Start of Provided data

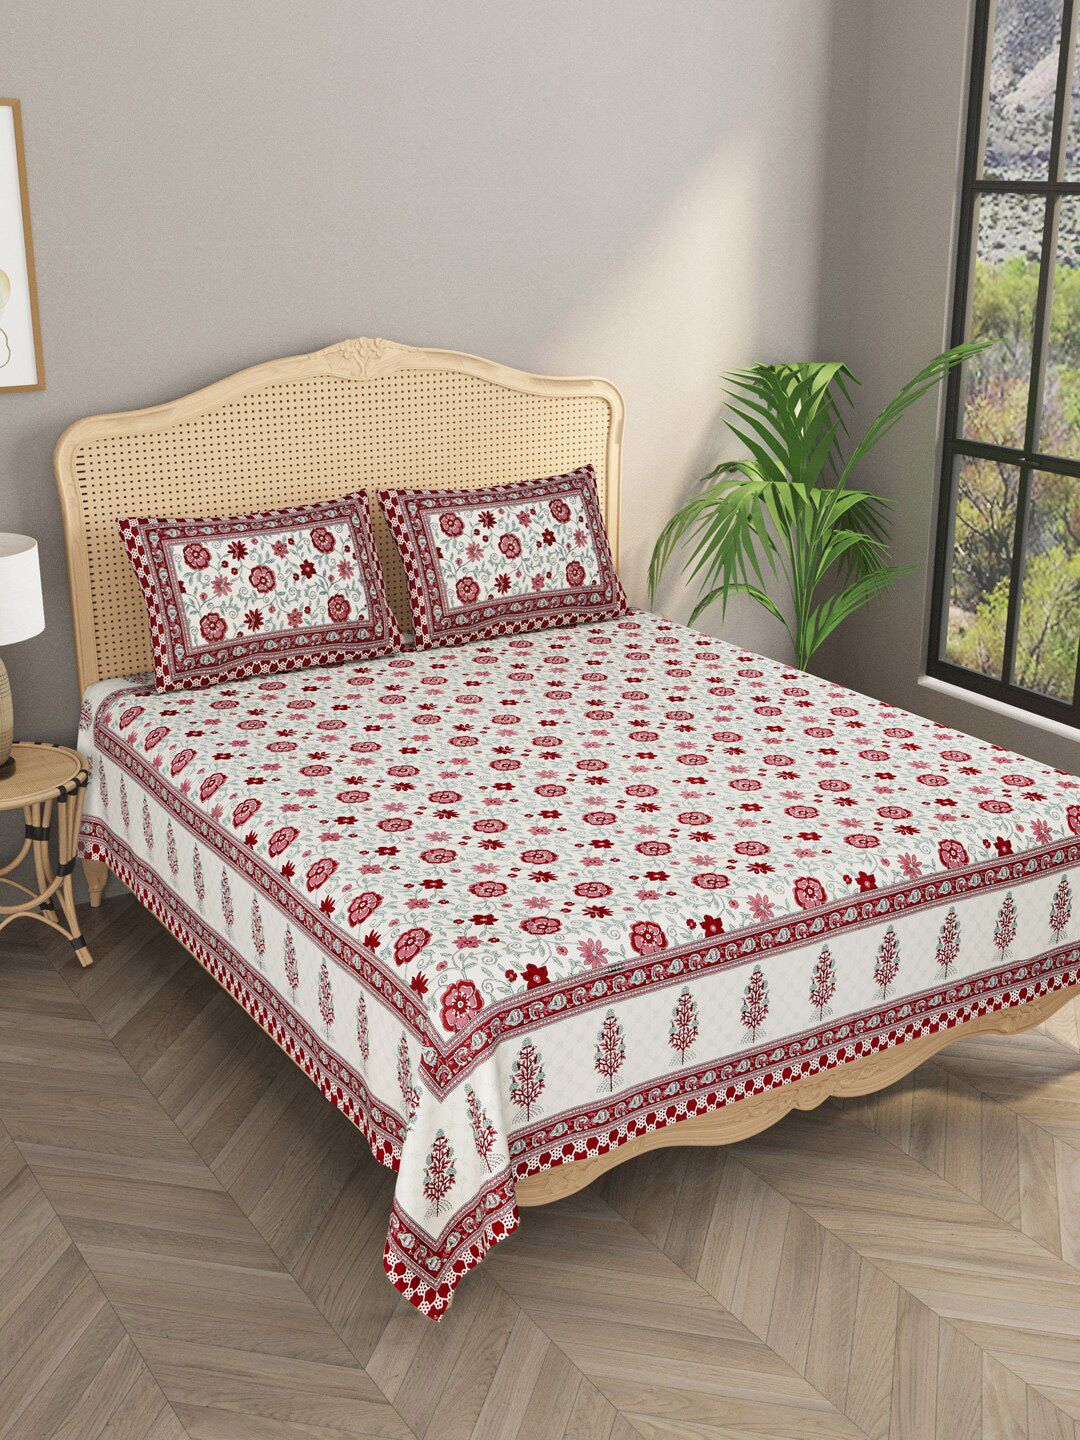 Gulaab Jaipur Cream-Coloured & Red Floral Cotton 600 TC King Bedsheet with 2 Pillow Covers Price in India
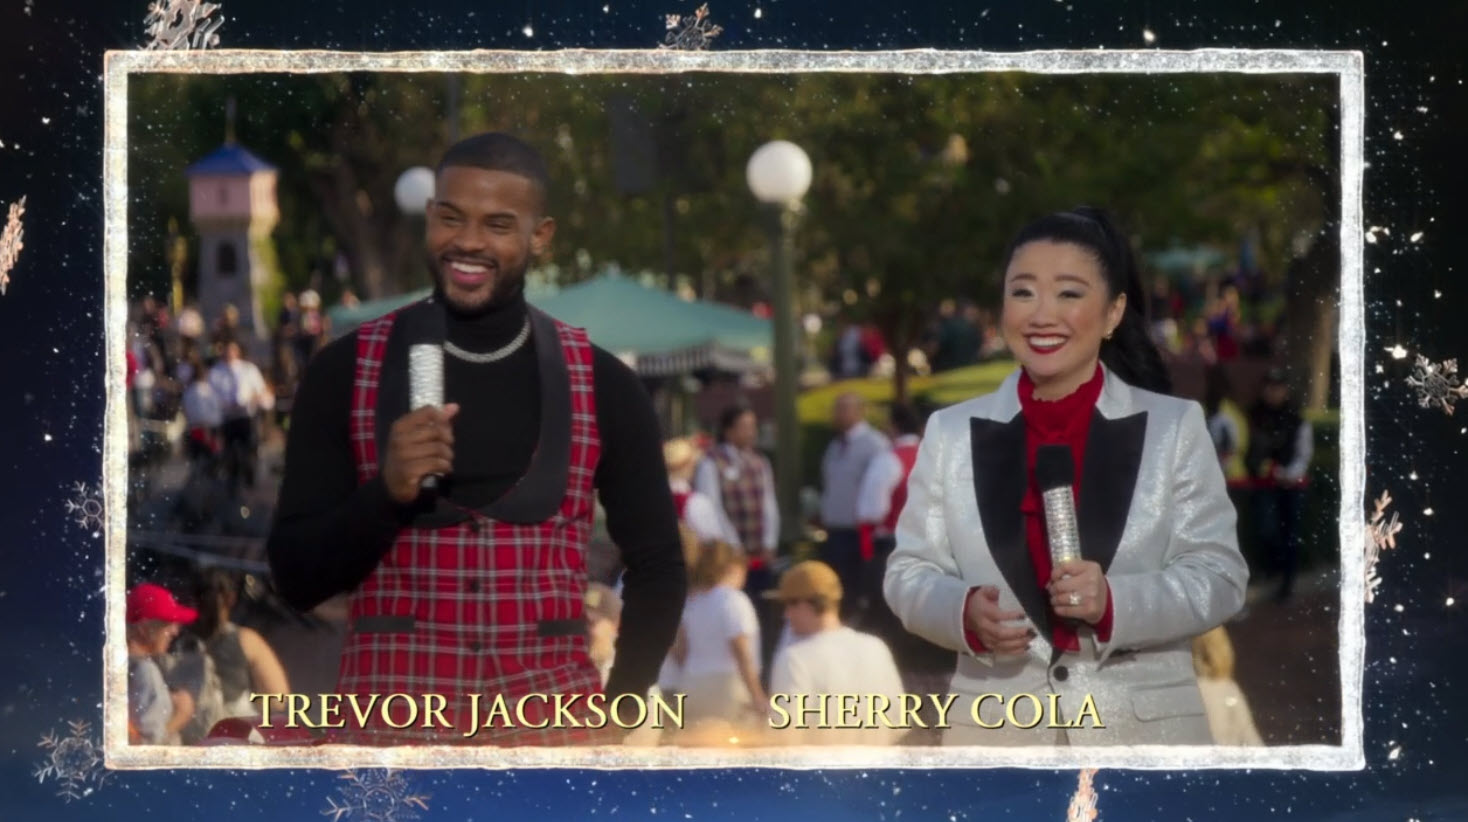 2021 Disney Parks Magical Christmas Day Parade Freeform’s Trevor Jackson (“grown-ish”) and Sherry Cola (“Good Trouble”) from the Disneyland Resort.
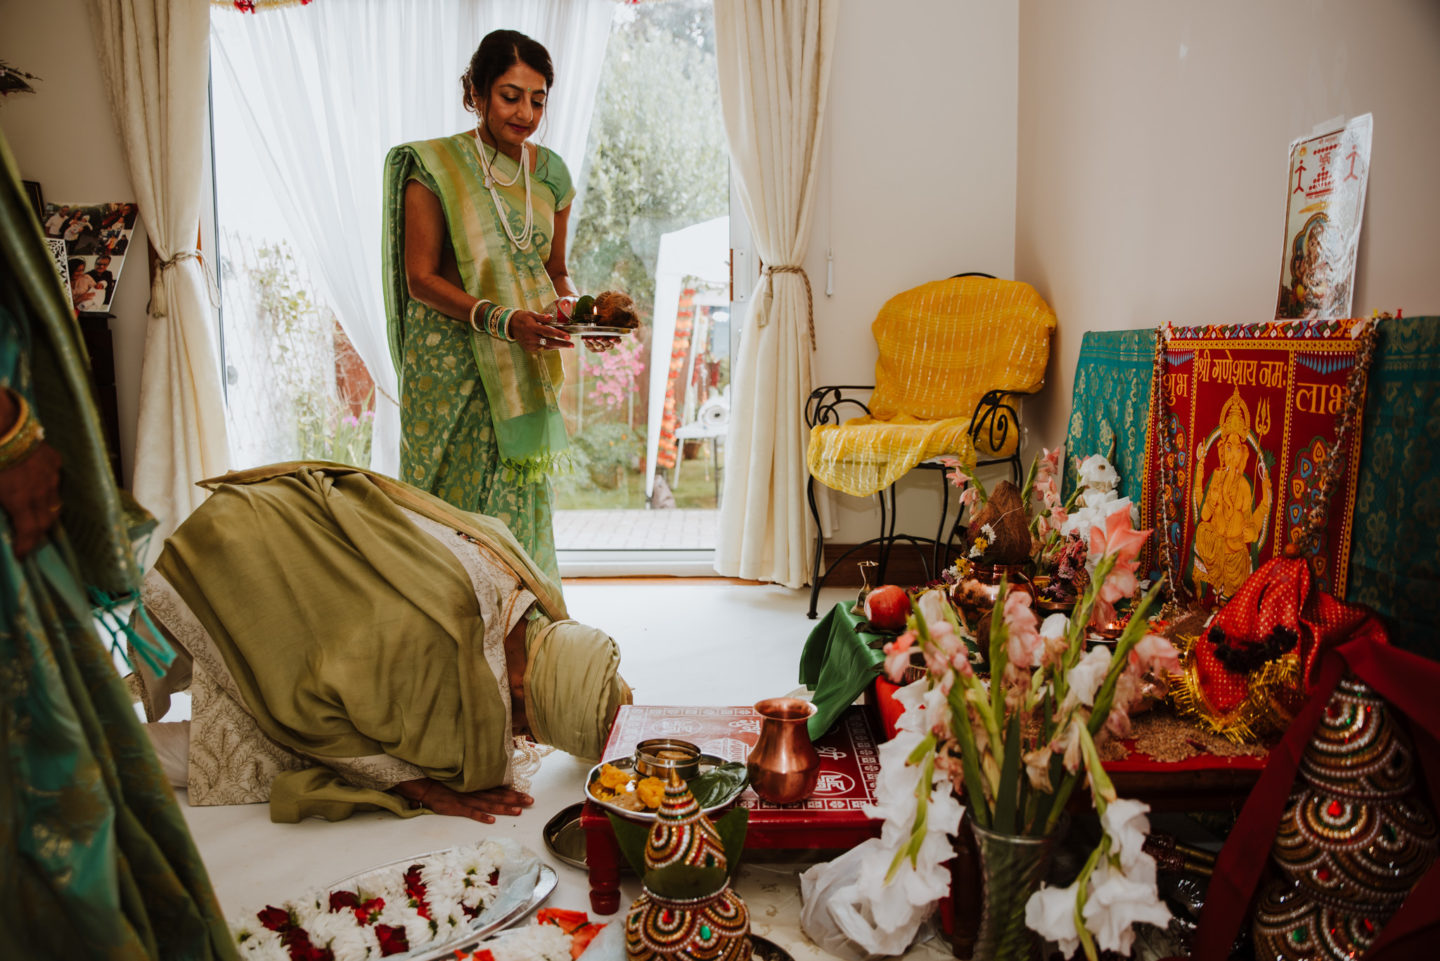 Multicultural Two Day Wedding With Traditional Indian Dress In West London

End of Provided data

What this task involves. Please output the entire listing above verbatim and omit its images.

Exercise result.
 Gulaab Jaipur Cream-Coloured & Red Floral Cotton 600 TC King Bedsheet with 2 Pillow Covers Price in India
 2021 Disney Parks Magical Christmas Day Parade Freeform’s Trevor Jackson (“grown-ish”) and Sherry Cola (“Good Trouble”) from the Disneyland Resort.
 Multicultural Two Day Wedding With Traditional Indian Dress In West London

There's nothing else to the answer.